3. Bölüm

8.4K 521 47
                                    



"Sonra bir papatya koptu yerinden dedi ki, sevmiyor."




Telefonumun yanımda olmamasından daha kötü bir şey varsa oda olmayan yön duygumdu. Beni nereye bıraksan orada kaybolurdum. Bunu çok kolay bir şekilde yapabilirdim.

İster bir mahalle ister bir şehir.

Bir keresinde alışveriş merkezinde ailemi kaybetmiştim. Bana göre her yerden geçmiş olabilirdim, her yer birbirinin aynısıydı.

Bu her zaman böyleydi.

Numaralarını ezbere bilmediğim gerçeği de yüzüme vururken başkasından rica ederek ulaşma şıkkımı da olduğu gibi eledim.

Böylece kızları bulamayacağımı bildiğim için onların beni bulmasını beklemeye karar verdim. Acaba tekne ne tarafta kalmıştı? Belki de tekneye ilerlemeliydim ama kızların çoktan endişelendiklerini biliyordum. Cüzdanımın yanımda olmasına içten içe sevinirken en yakınımda ki cafeye oturma kararı aldım ve özellikle dışarıyı iyi görebilen masalardan birine geçtim.

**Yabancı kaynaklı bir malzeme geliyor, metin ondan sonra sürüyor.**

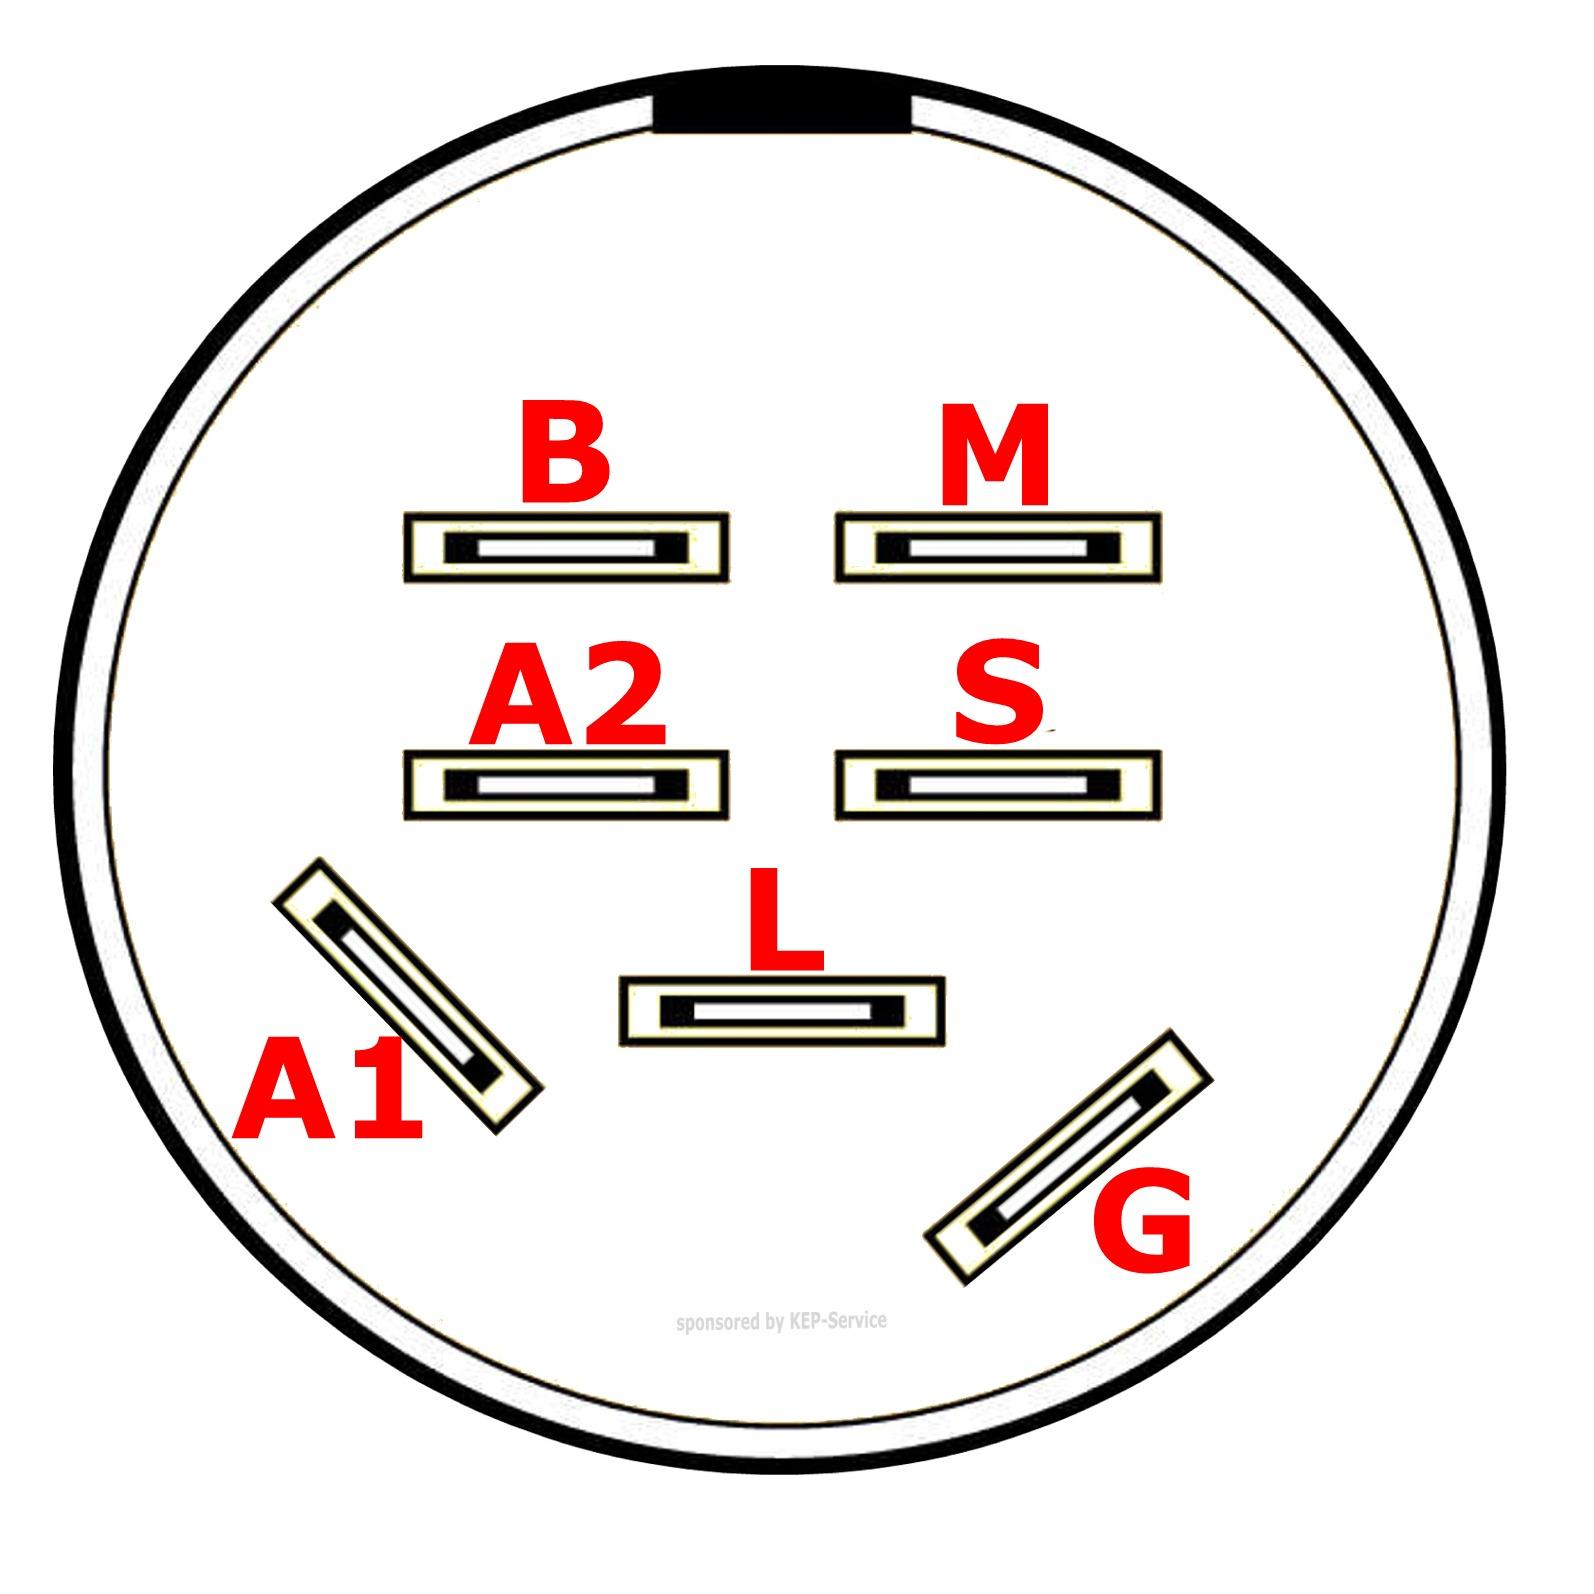 Erfreut 7 Poliger Schaltplan Galerie - Schaltplan Serie Circuit ...

Kızlar önümden geçerlerse görmem yararıma olurdu.

Yanıma gelen garsondan bir filtre kahve isteyerek etrafı incelemeye başladım. Adaya göre gayet şık döşenmiş güzel bir yerdi burası. Çok geçmeden garson elinde kahvemle gözükünce derin bir nefes aldım. Şu an kafein oranı tavan yapmış bir kahve tek istediğim şey olabilirdi. Garsona teşekkür ettikten sonra kahvemi yudumlamaya başladım.

O sırada içeriye gürültülü denebilecek kadar ses çıkaran bir grup insanın girmesiyle kafamı kaldırıp kapıya baktım. Daha sonra gelen topluluğu önemsemeden önüme döndüm. Ama bir an için dikkatimi çeken tanıdık bir yüzü farketmemle tekrar o yöne baktım. Atay'ı görmemle zaten kaçan keyfimin daha ne kadar bozulabileceğini düşünerek beni görmemesini diledim. Bu sırada adımın seslenilmesiyle kafamı kaldırarak içimden birkaç terbiyeli küfür savurdum. Küfrün terbiyelisi olur mu derseniz benim sinirlenme dereceme göre değişirdi.

O sırada yanıma arkadaş grubuyla gelen Atay'a tepkisizce bakmaya başladım. Resmen görmezden geliyordum niye gitmiyordu hala?

"Arkadaşların çok iyi insanlarmış gerçekten." dedi alayla sırıtarak.

"Neredeyse hayali denecek kadar."

Yanındaki arkadaşlarıyla birlikte yan masaya yönelerek cevap vermemi bile beklemeden gitti.

Ne sanıyordu bu kendini!

Onu umursamama kararı alarak ilgimi tamamen başka yöne vermeye çalıştım. Ama yan masadan gelen kahkahaları es geçmem imkansızdı. Gerçekten rahatsız olmuştum. Oradan kalkma kararı vererek hesabı istedim.

Bu sırada Atay'ın her hareketimi sinir bozucu bir şekilde takip etmesi gözümden kaçmadı. Ona bir kez bile bakmamaya çalışarak beynimi meşgul edecek şeyler düşündüm.

Ve işte nihayet dışarıdaydım. Ne yapmam gerektiği hakkında tek bir fikrim yoktu. Sorun yalnız kalmam değildi, yalnızlığı hiçbir zaman sorun eden tiplerden değildim. Ama kızların ne kadar endişeleneceğini adım gibi biliyordum. Bunları düşünürken elden bir şey gelmeyeceğini anlayarak cafenin karşı tarafında ki deniz kıyısına doğru ilerledim.